If all you care about is the computer interface, get the CEI Pro Chrono Digital. Really, it's great for a fixed range. If I build a range like that, I might just buy a cheap laptop and LCD screen and this chrono and permanently install them. It's also great if you run competitions, since you can put the chrono results up on a bigger screen so everyone can see them.

If you don't want a printer, IR skyscreens, or a computer interface, get the Beta Master Chrony.

Honestly, I think if you want a printer, or you want a chrono with a ballistic calculator, you should just buy the PACT Pro XP. The Gamma Master is a great chronograph, but the PACT is better, and it has the IR option and the PC interface built in, for just $30 more.

I wouldn't bother with buying the PACT Mark IV XP as a chronograph; though if you're going to buy one anyway as a timer, why not buy a set of IR skyscreens for $90, and have the extra functionality in your pocket when you want it.

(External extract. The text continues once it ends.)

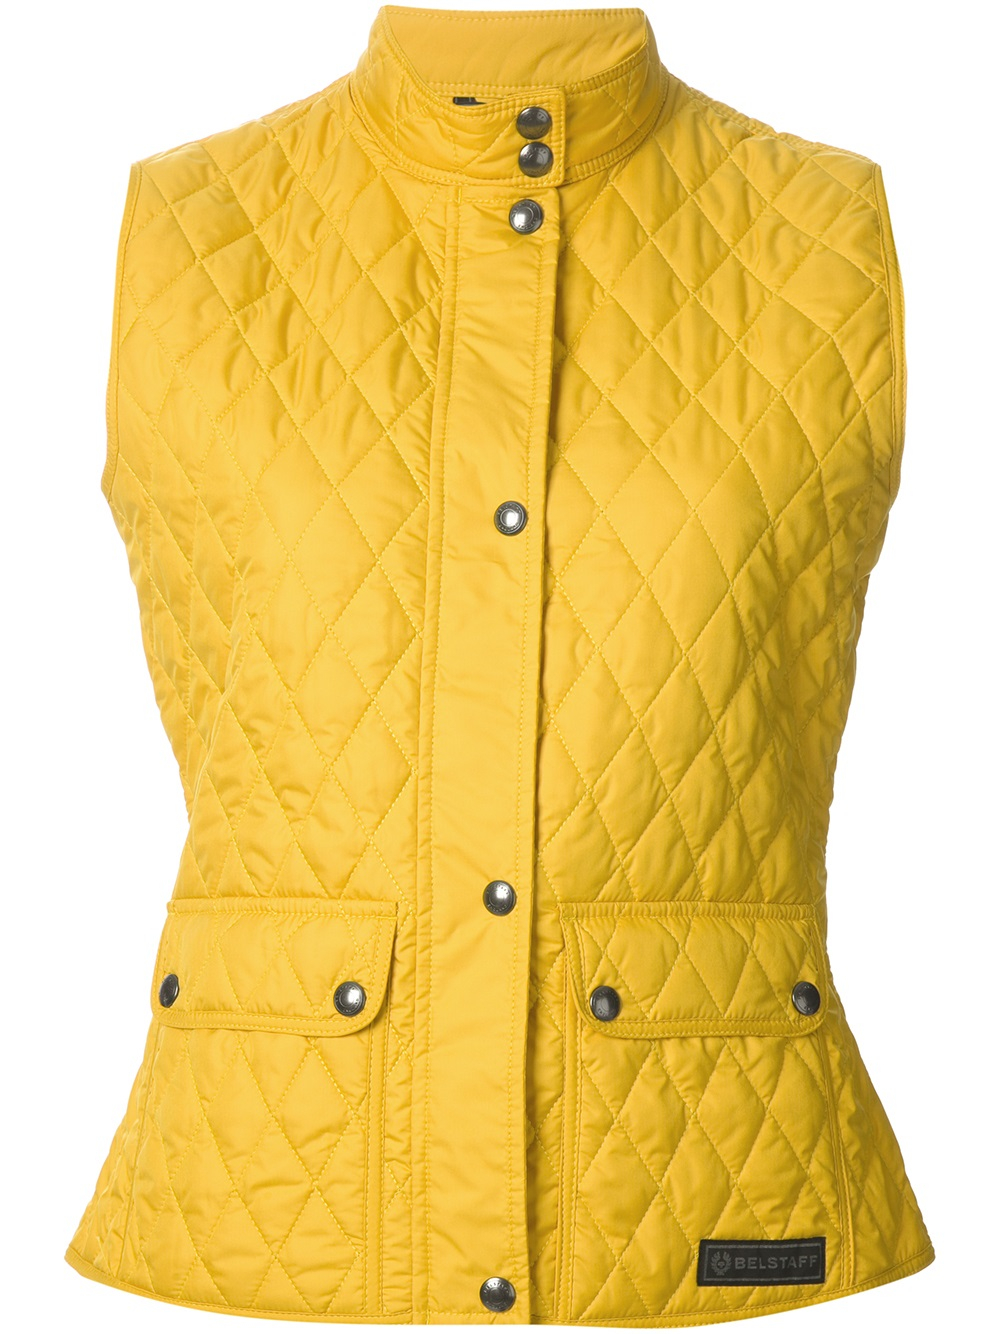 Lyst - Belstaff Quilted Gilet in Yellow

A lot of people buy the CED Millennium 2 and love it; and I think it's a great chronograph. I just dont see why you would buy it vs. the PACT when you get the extra ballistic calculator functionality, the printer, and a lifetime warranty vs. two years, for $30 more.

The one advantage it does have, is that you can buy the computer unit for $110, and the IR skyscreens separately for $90, and end up with IR screens cheaper than any other solution.

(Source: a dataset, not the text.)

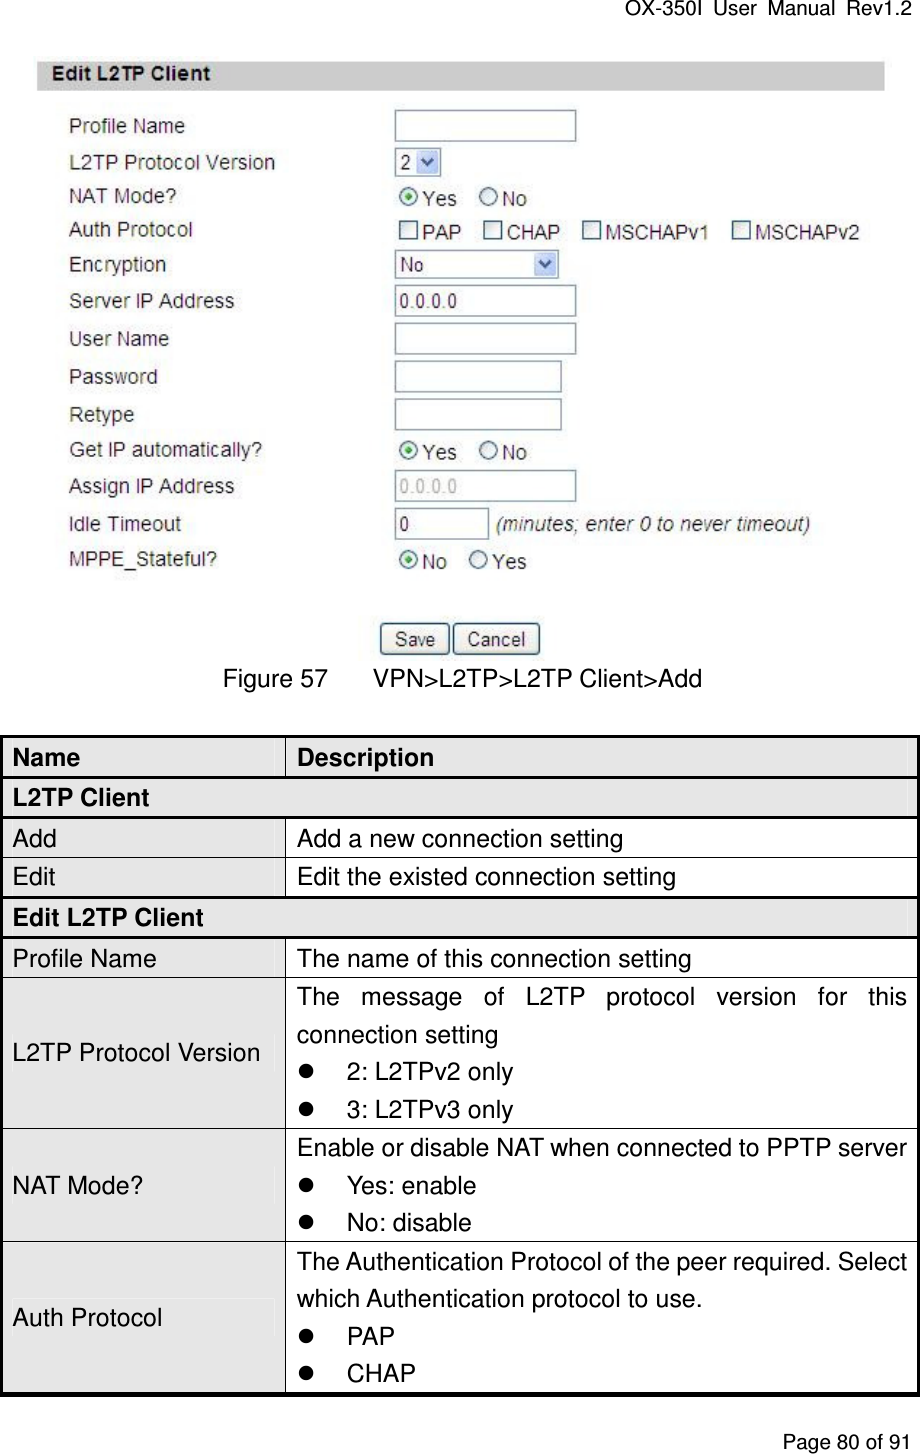 OX-350I  User  Manual  Rev1.2 Page 80 of 91  Figure 57  VPN&gt;L2TP&gt;L2TP Client&gt;Add Name  Description L2TP Client Add  Add a new connection setting Edit  Edit the existed connection setting Edit L2TP Client Profile Name  The name of this connection setting L2TP Protocol Version The  message  of  L2TP  protocol  version  for  this connection setting   2: L2TPv2 only   3: L2TPv3 only   NAT Mode? Enable or disable NAT when connected to PPTP server   Yes: enable   No: disable Auth Protocol The Authentication Protocol of the peer required. Select which Authentication protocol to use.   PAP   CHAP

If you absolutely need IR screens, the CED M2 will cost you $200, the Model 1 XP will cost $220 (and not have a PC interface, or a ballistic calculator), and the Pro XP will cost you $320.

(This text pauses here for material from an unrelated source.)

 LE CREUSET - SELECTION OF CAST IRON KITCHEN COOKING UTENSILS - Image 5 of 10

Oh one other option. If you have, or can find an old used chronograph of any kind, but especially an old used Chrony, cheap (I got my old F1 for free); you can do either an upgrade (if it's a Chrony), or a tradein (if it's not), to a gamma master chrony for $100 or $110 without a printer, or $130 or $160 with a printer.

There is no better deal on a good chronograph anywhere.

Bottom Line:

Realistically, I'd say there's three choices; unless you have a specific need met better by one of the others.
  1. $100 for the Beta Shooting Chrony, for the best value most compact choice, with no extras

  2. $135 for the Beta Master Chrony, for the best value with remote display and options

  3. $230 for the PACT Pro XP, for the best value with a printer, extras, and options
So... what does the AnarchAngel use?

I've shot with Chronys for years, I had an F1; and frankly I really like the product, and the company. However, I needed more functionality, and wanted a printer.

I could have taken my old F1 and upgraded to a Gamma Master chrony with a printer for $130, under their tradein program; but I decided I wanted the option of IR skyscreens, and a computer interface.

The computer interface and software would have cost me an extra $110, bringing the total to $240, plus $60 for the indoor lighting kit (which isn't IR and requires an AC power source) for a total of $300.

Or I could buy a PACT Pro XP for $230, and the IR skyscreens for $90.

So that's what I did.

Actually, I haven't bought the IR screens yet, because they're sold out everywhere at the moment; but I have the Pro XP and have used it, and I'm VERY happy with my choice.

The old F1 won't go to waste however. I gave it to a friend of mine who doesn't care about the bells and whistles of the Pro XP, and HE'S going to do the upgrade program to a Gamma Master with printer, for $130.